Department of Methodology and Statistics, Tilburg University,P.O. Box 90153, Tilburg, the Netherlands.
Psychol Methods. 2011 Mar;16(1):82-8; discussion 89-92. doi: 10.1037/a0020144.
Steinley and Brusco (2011) presented the results of a huge simulation study aimed at evaluating cluster recovery of mixture model clustering (MMC) both for the situation where the number of clusters is known and is unknown. They derived rather strong conclusions on the basis of this study, especially with regard to the good performance of K-means (KM) compared with MMC. I agree with the authors' conclusion that the performance of KM may be equal to MMC in certain situations, which are primarily the situations investigated by Steinley and Brusco. However, a weakness of the paper is the failure to investigate many important real-world situations where theory suggests that MMC should outperform KM. This article elaborates on the KM-MMC comparison in terms of cluster recovery and provides some additional simulation results that show that KM may be much worse than MMC. Moreover, I show that KM is equivalent to a restricted mixture model estimated by maximizing the classification likelihood and comment on Steinley and Brusco's recommendation regarding the use of mixture models for clustering.

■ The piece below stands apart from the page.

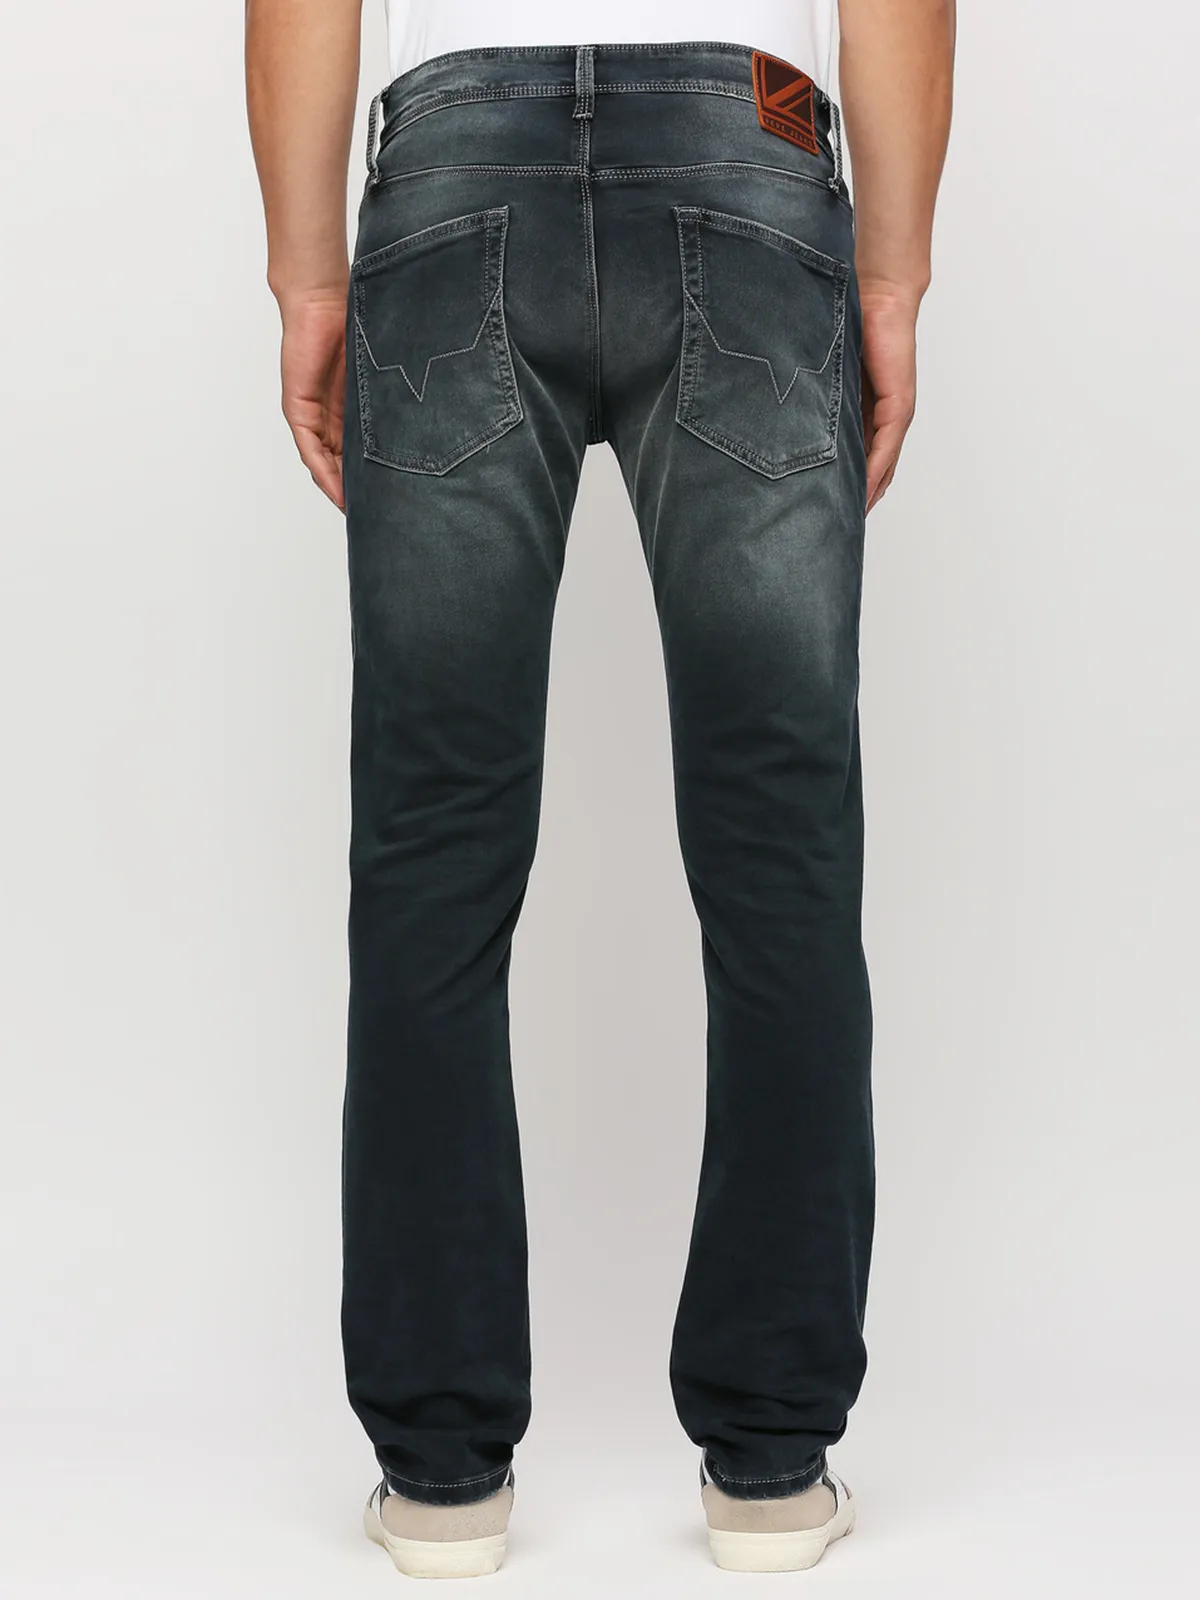 Pepe Jeans black washed jeans with slim fit

斯坦利和布鲁斯科(2011)展示了一项大型模拟研究的结果,该研究旨在评估混合模型聚类(MMC)的聚类恢复情况,包括已知和未知聚类数量的情况。他们根据这项研究得出了相当强烈的结论,特别是在 K-均值(KM)与 MMC 的良好性能方面。我同意作者的结论,即 KM 的性能在某些情况下可能与 MMC 相当,这些情况主要是斯坦利和布鲁斯科调查的情况。然而,本文的一个弱点是未能研究许多重要的现实情况,而这些情况的理论表明 MMC 应该优于 KM。本文从聚类恢复的角度详细比较了 KM 和 MMC,并提供了一些额外的模拟结果,表明 KM 可能比 MMC 差得多。此外,我还证明了 KM 等同于通过最大化分类似然估计的受限混合模型,并对斯坦利和布鲁斯科关于使用混合模型进行聚类的建议进行了评论。